# [EXERCISE GOAL]
Nothing but the lines from the one with "Polo Ralph Lauren Sweater Blauw" through the end of the listing should be reproduced, each exactly and with pictures omitted.

# [DATASET CONTENT]

-- Opening Marker --

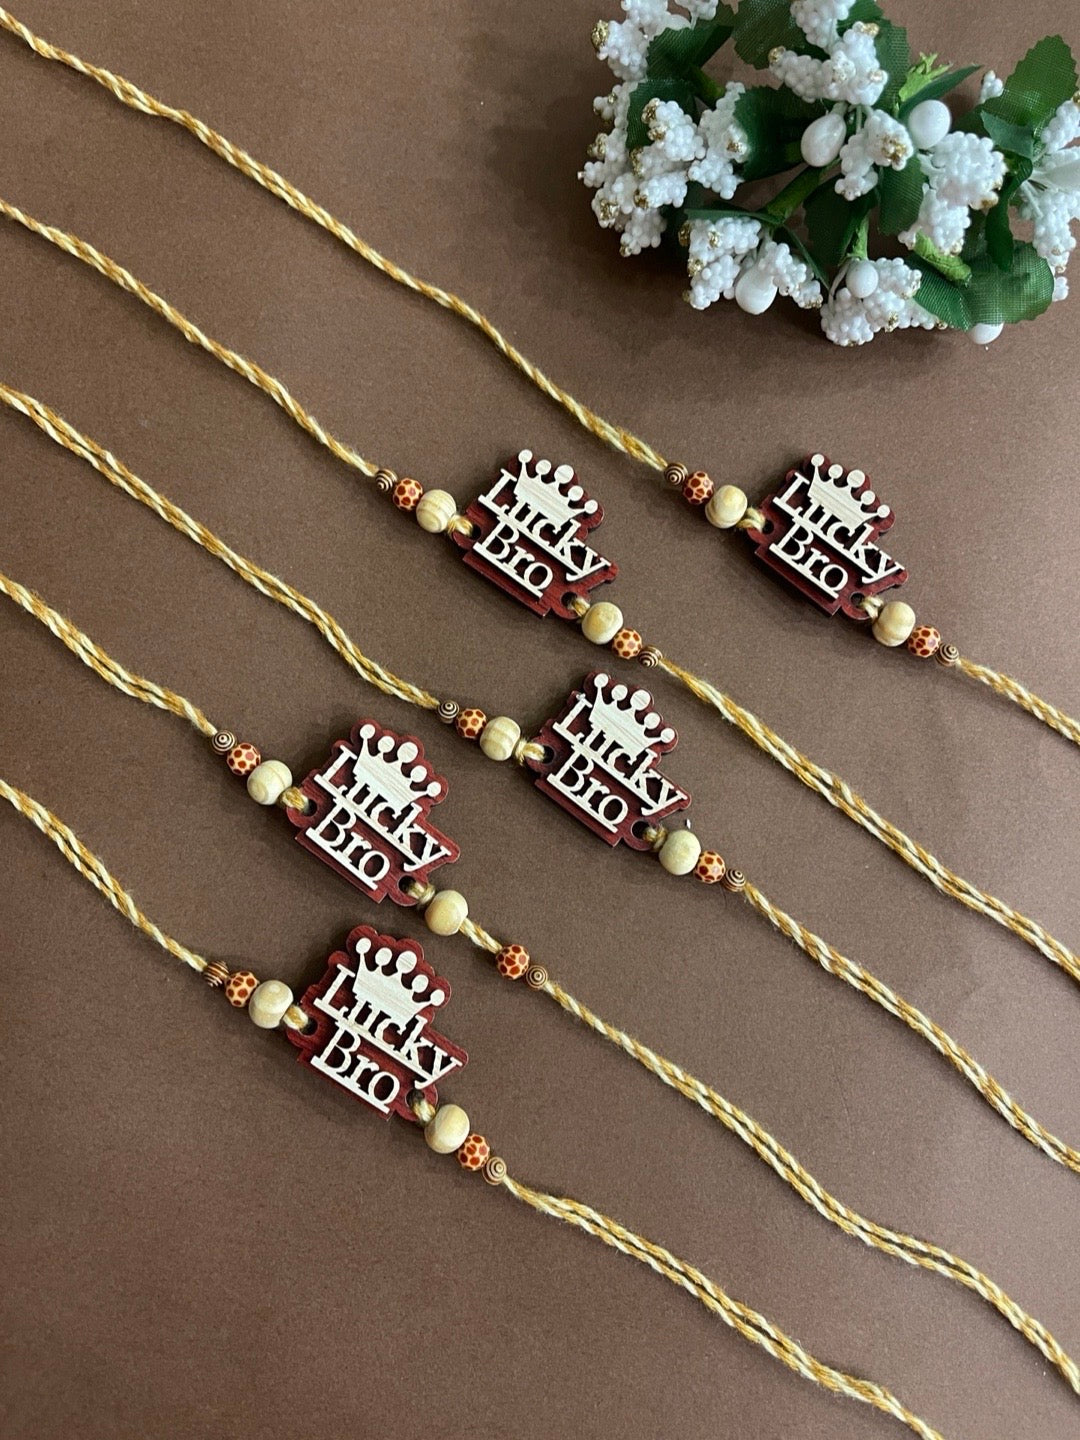 image for (Combo of 5) Unique Lucky Bro MDF Wooden Rakhi With Beads multicolour Thread Rakhi For Raksha Bandhan
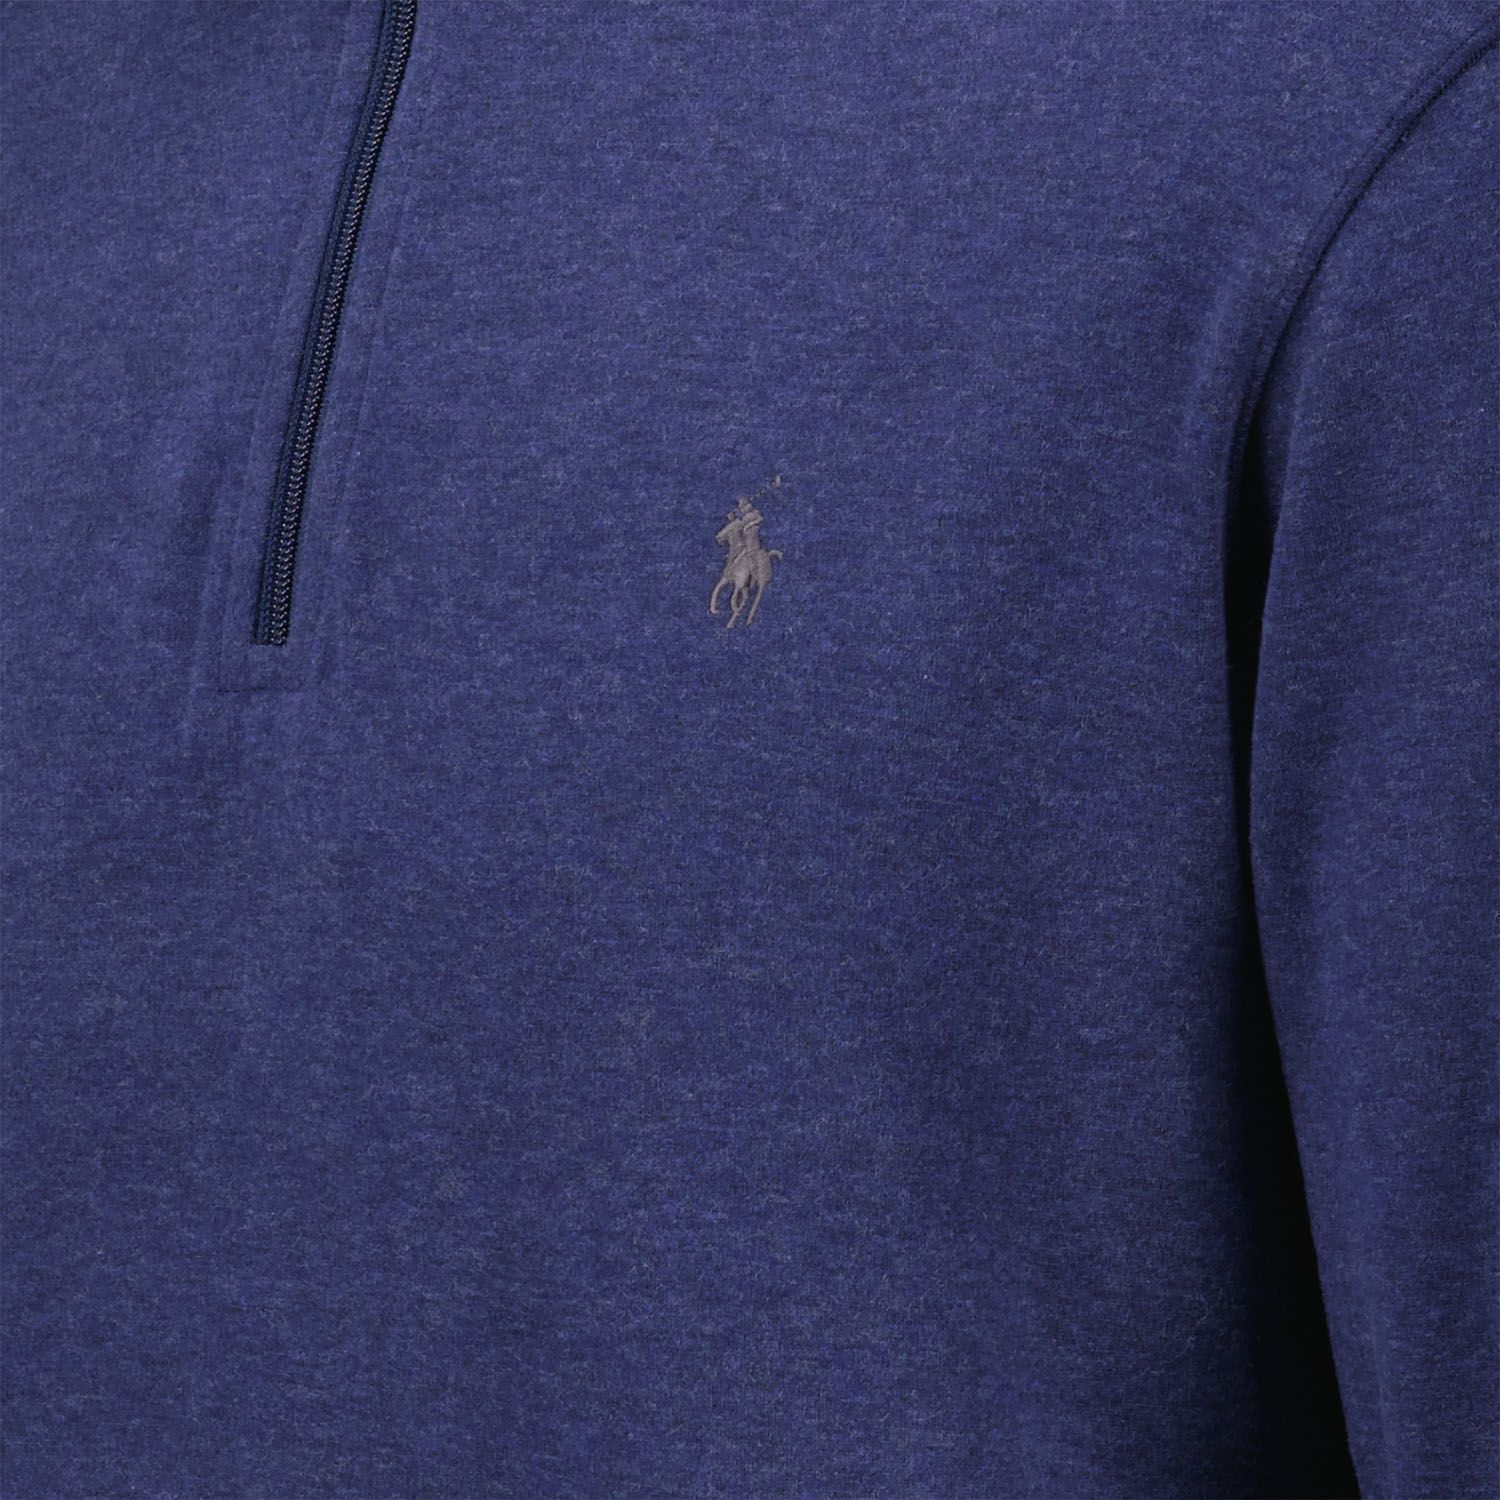 Polo Ralph Lauren Sweater Blauw
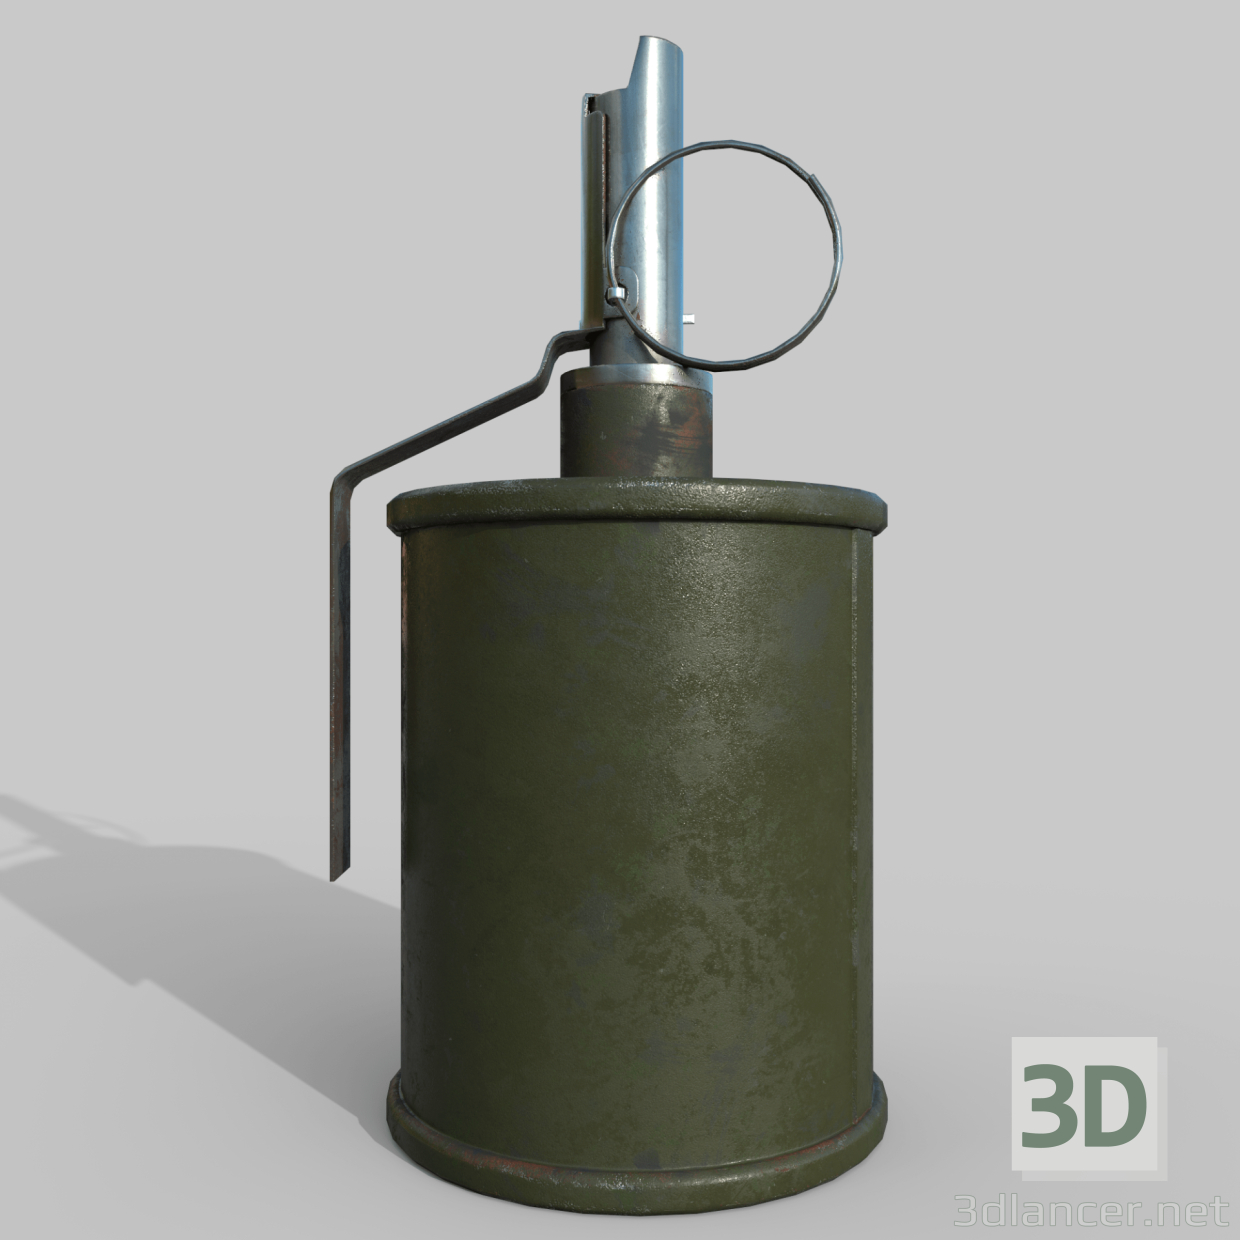 modèle 3D de Grenade RG-42 acheter - rendu
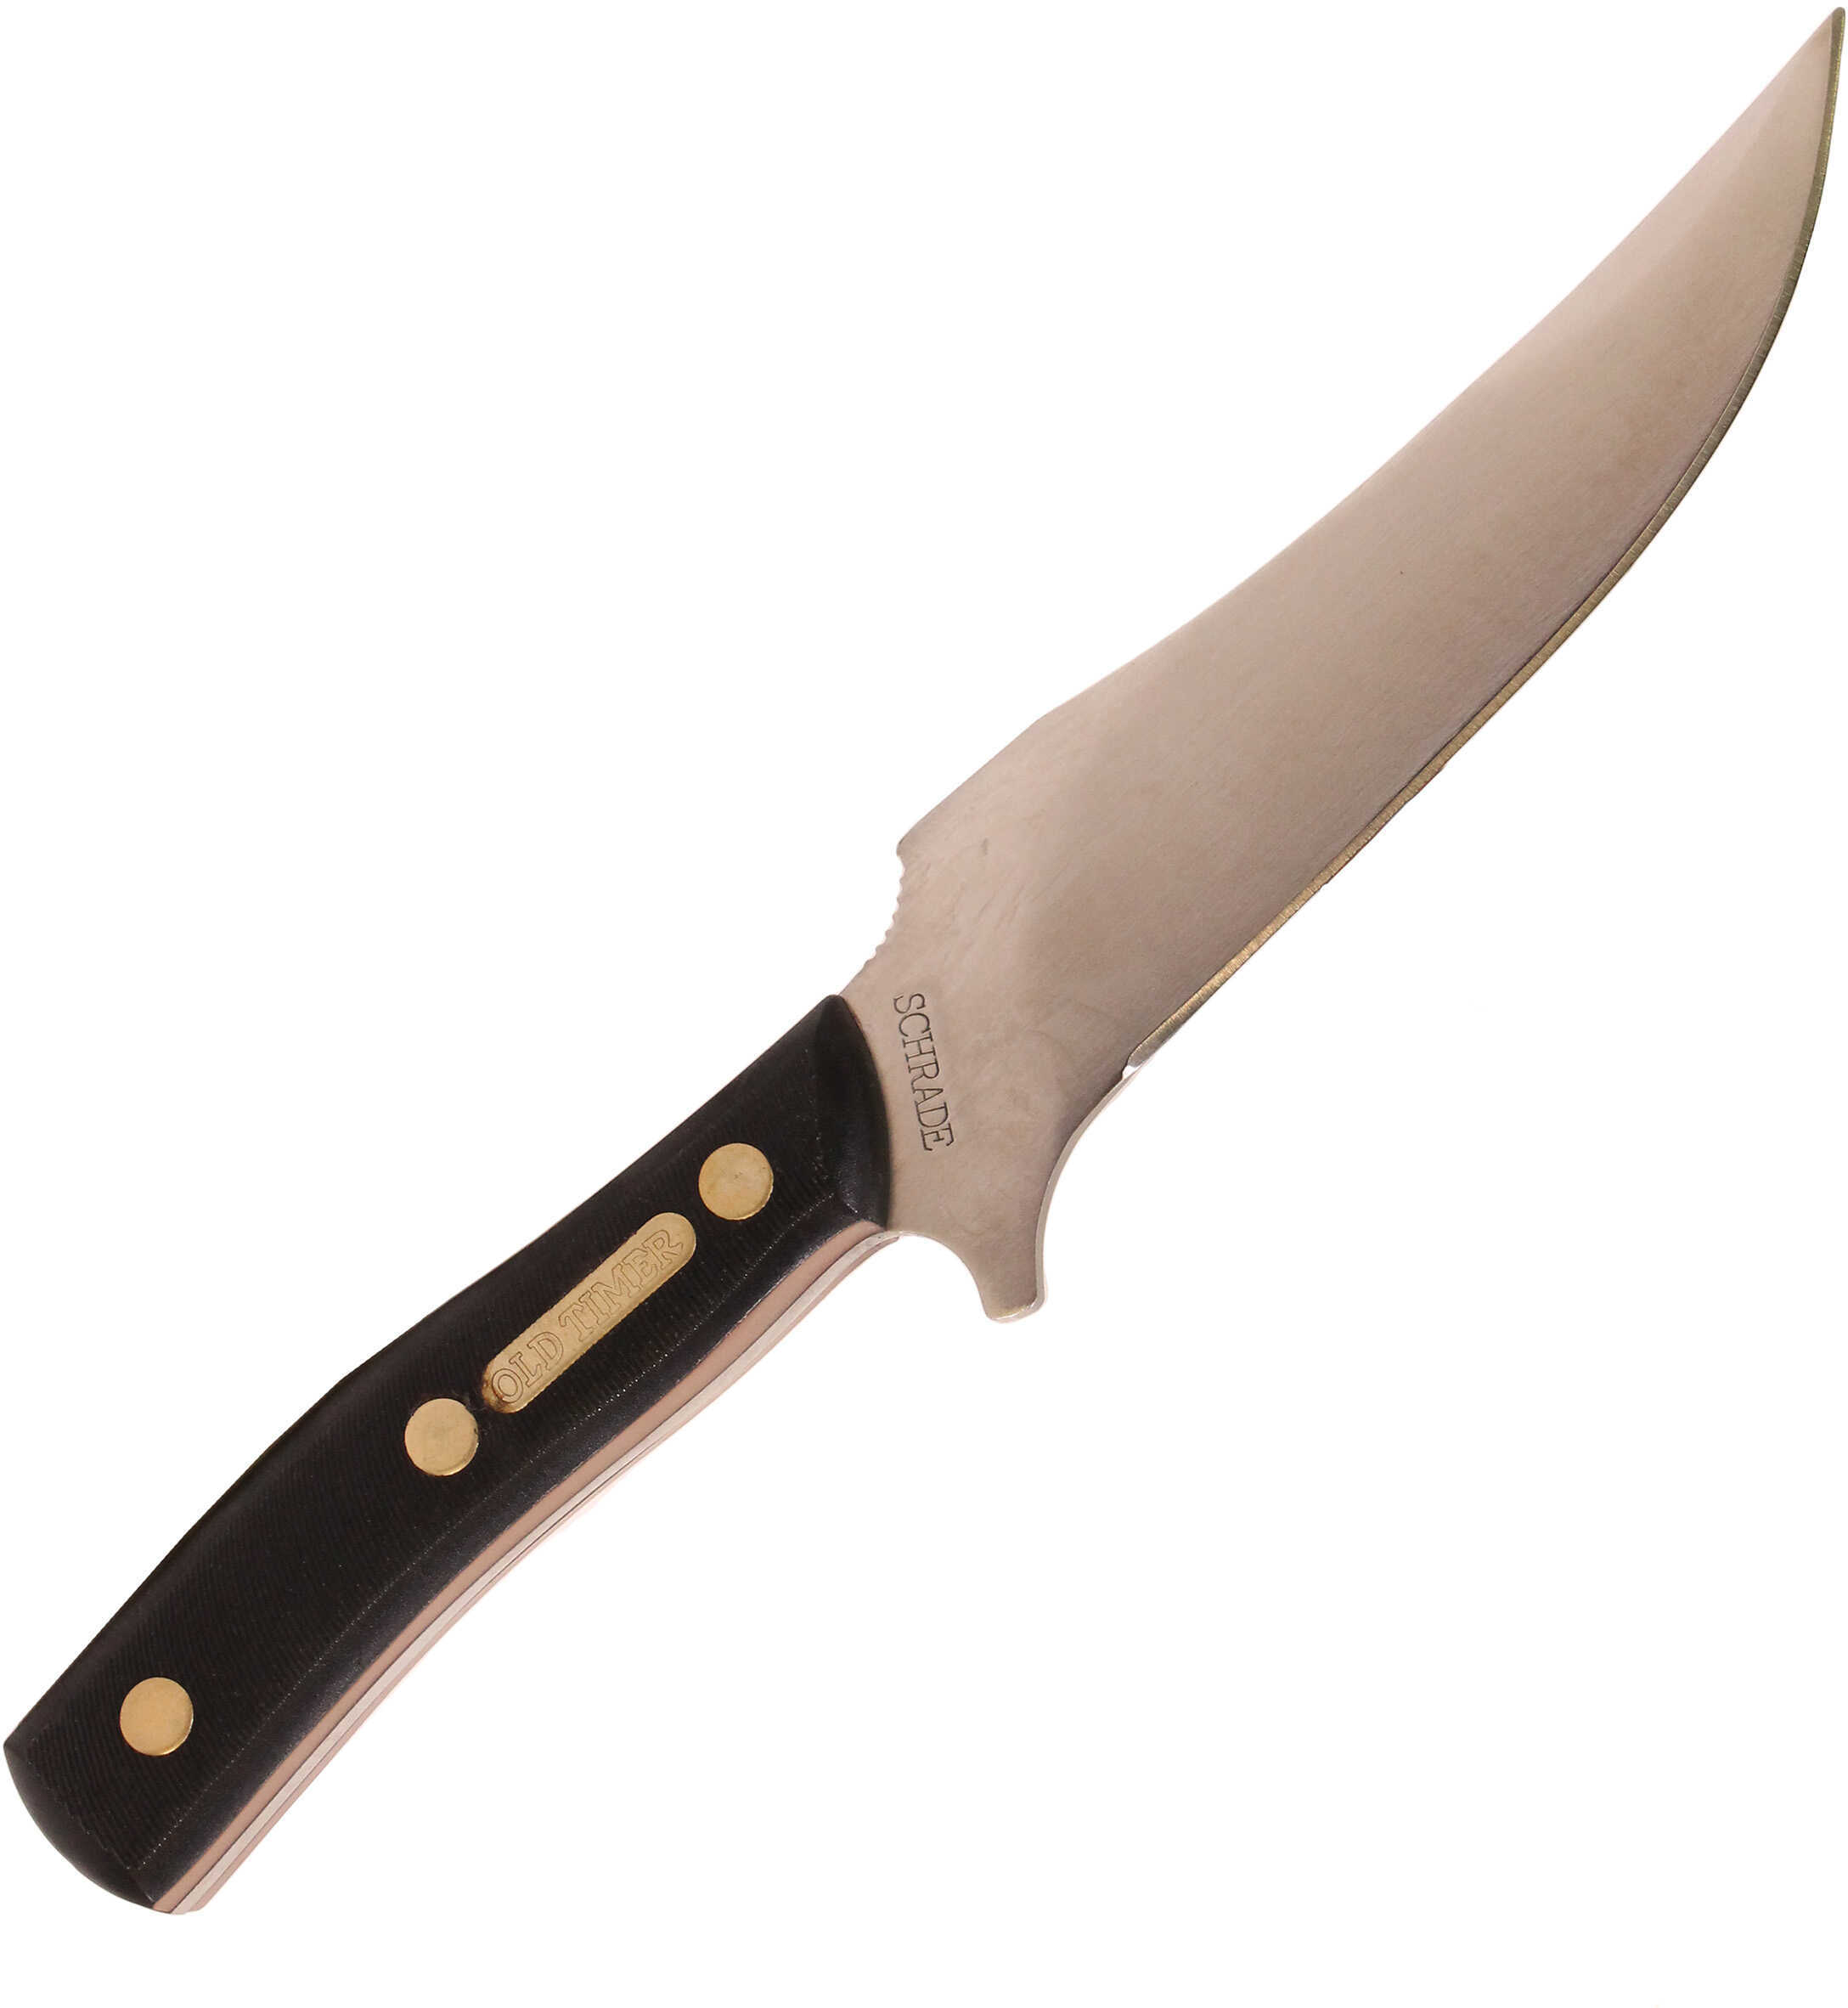 Schrade Knife DEERSLAYER 5.6" Stainless DELRIN W/Sheath

-- Closing Marker --

# [SOLUTION]
 Polo Ralph Lauren Sweater Blauw
 modèle 3D de Grenade RG-42 acheter - rendu
 Schrade Knife DEERSLAYER 5.6" Stainless DELRIN W/Sheath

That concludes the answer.